Rasファミリー蛋白質Ralの活生化を生きた細胞内で観察し、その機能を解明する

Research Project

Project/Area Number	14770098
Research Category	Grant-in-Aid for Young Scientists (B)
Allocation Type	Single-year Grants
Research Field	Experimental pathology
Research Institution	Osaka University
Principal Investigator	大場雄介大阪大学, 微生物病研究所, 助手 (30333503)
Project Period (FY)	2002 – 2003
Project Status	Completed (Fiscal Year 2003)
Budget Amount *help	¥3,900,000 (Direct Cost: ¥3,900,000) Fiscal Year 2003: ¥1,500,000 (Direct Cost: ¥1,500,000) Fiscal Year 2002: ¥2,400,000 (Direct Cost: ¥2,400,000)
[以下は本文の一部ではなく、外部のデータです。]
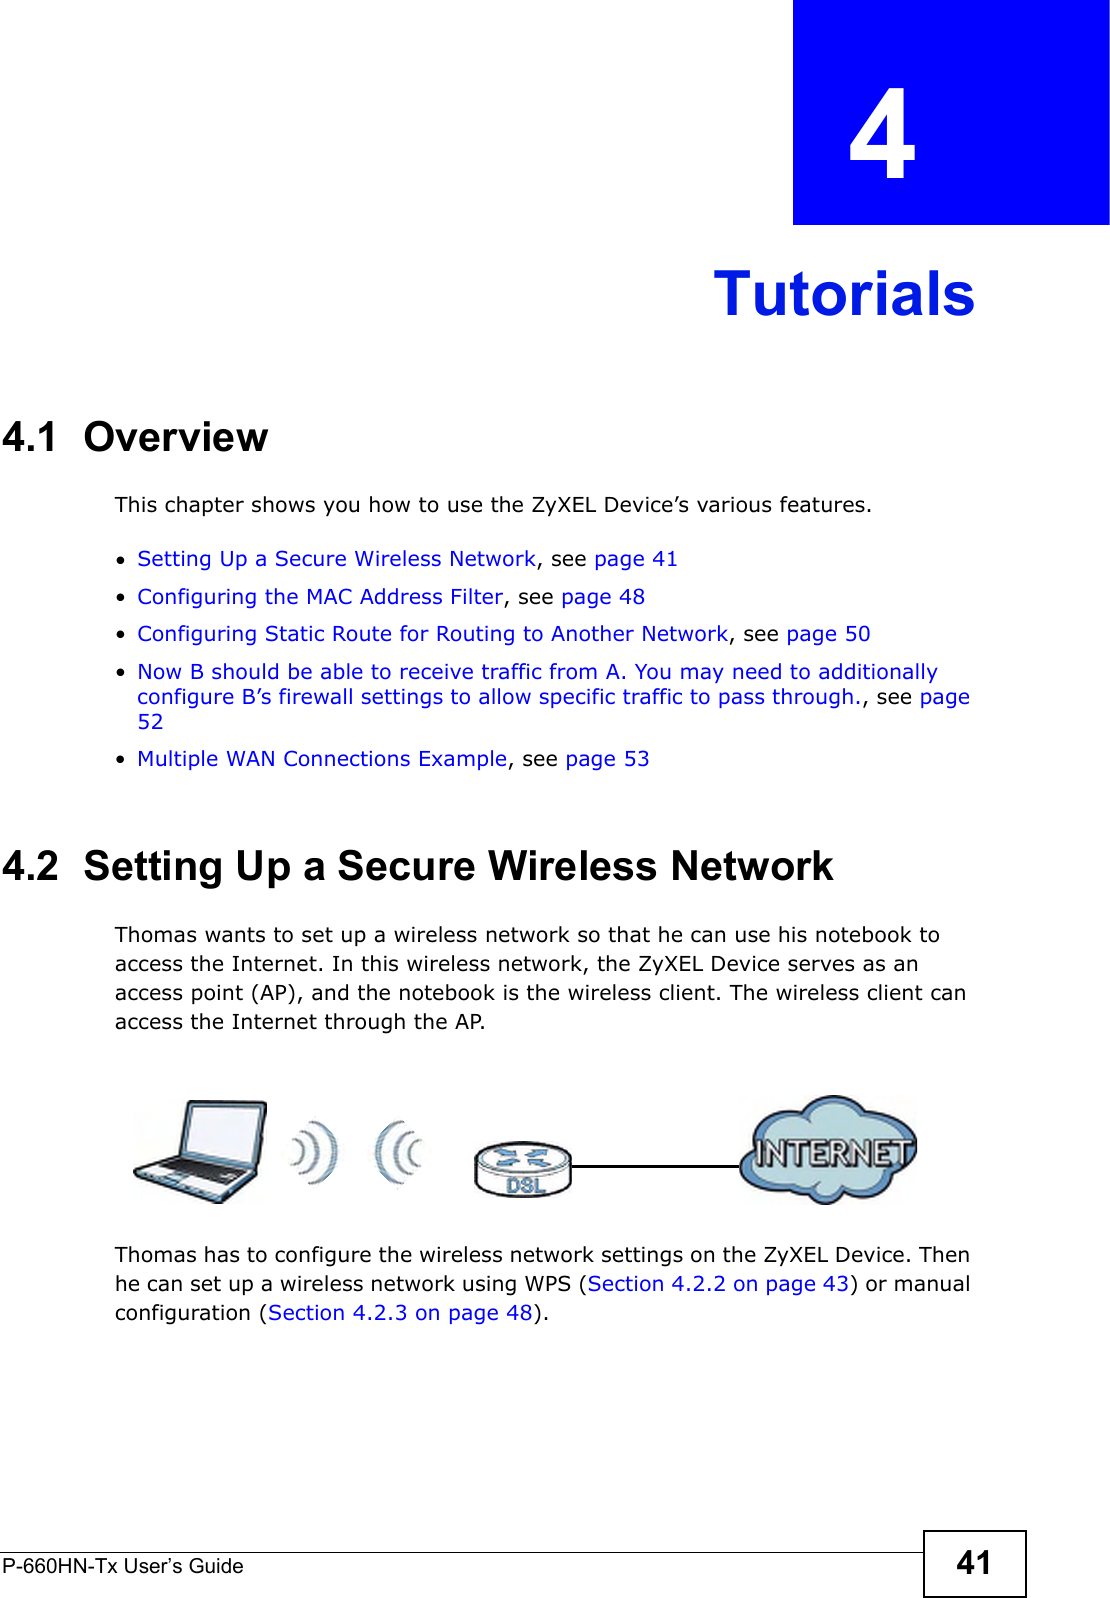 P-660HN-Tx User’s Guide 41CHAPTER  4 Tutorials4.1  OverviewThis chapter shows you how to use the ZyXEL Device’s various features.•Setting Up a Secure Wireless Network, see page 41•Configuring the MAC Address Filter, see page 48•Configuring Static Route for Routing to Another Network, see page 50•Now B should be able to receive traffic from A. You may need to additionally configure B’s firewall settings to allow specific traffic to pass through., see page 52•Multiple WAN Connections Example, see page 534.2  Setting Up a Secure Wireless NetworkThomas wants to set up a wireless network so that he can use his notebook to access the Internet. In this wireless network, the ZyXEL Device serves as an access point (AP), and the notebook is the wireless client. The wireless client can access the Internet through the AP.Thomas has to configure the wireless network settings on the ZyXEL Device. Then he can set up a wireless network using WPS (Section 4.2.2 on page 43) or manual configuration (Section 4.2.3 on page 48).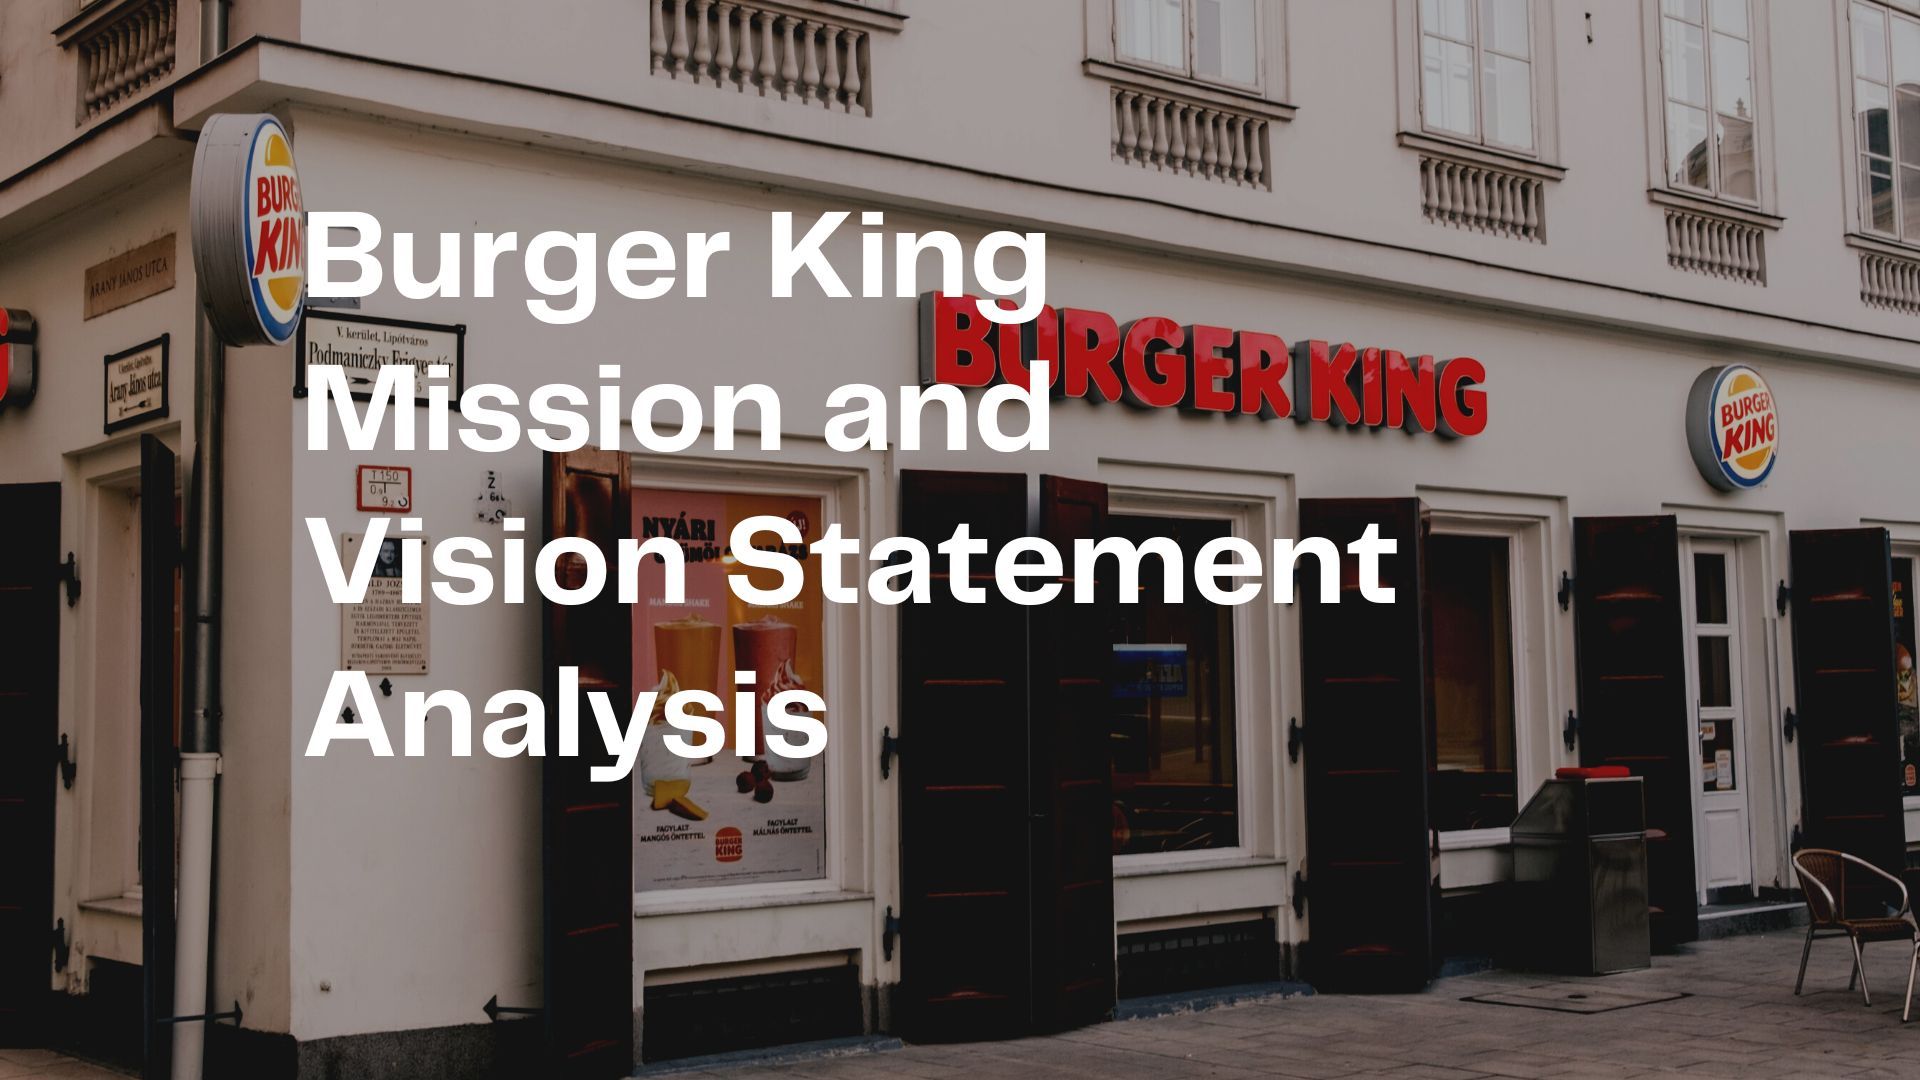 Burger King Mission and Vision Statement Analysis (2).jpg

Keywords	GFP / FRET / Ras / EGF / lamellipodia / Ral / 生細胞
Research Abstract	RalはRasファミリーGたんぱく質の一つで、Rasにより活性化される。最近、エンドサイトーシス、エキソサイトーシス、フィロポディアの形成に対するRalの関与が示唆されつつあるものの、詳細な分子機序は未知の点が多い。そこで生きた細胞内でRal活性化の時空間的な制御機構の解析を通じて、Ralの生理的機能を知るために、蛍光共鳴エネルギー移動(FRET)の原理を利用したモニター分子を作製し解析した。モニター分子の構造はYFP、RalA、RalBP、CFP及び膜局在化配列からなる。この分子を発現する293T細胞可溶化液のFRET効率を蛍光分光光度計で測定したところ、GTP結合率とFRET効率が正の相関を示した。従って作製したモニター分子はRalの活性化をFRET効率の上昇として検出できることが確認できた。次にCOS1細胞において上皮細胞増殖因子(EGF)依存性のRalの活性化を多重蛍光タイムラプス顕微鏡で観察し、FRET効率を画像化して解析したところ、EGFによって生じる葉状仮足に限局してRalが活性化していた。この結果はRalの活生化に関し初めて得られた時空間情報である。さらに、EGF刺激によるRal活性化の機構を詳細に検討した。Rasの優勢劣性型変異体を発現した細胞では、Ralの活性化が抑制されていることから、EGF依存性のRal活性化にはRasの活性化を必要とすることが確認された。しかし、Rasの活性化は葉状仮足で高いが、必ずしも葉状仮足に限局するわけではないので、葉状仮足の形成もまたRalの活性化に必要であることが示唆された。実際、優勢劣性型変異体のRacを導入して、EGF依存性葉状仮足形成を阻害すると、Ralの活性化は阻害された。すなわち、増殖因子依存性Ralの活性化は複数の経路によって制御されていることが明らかとなった。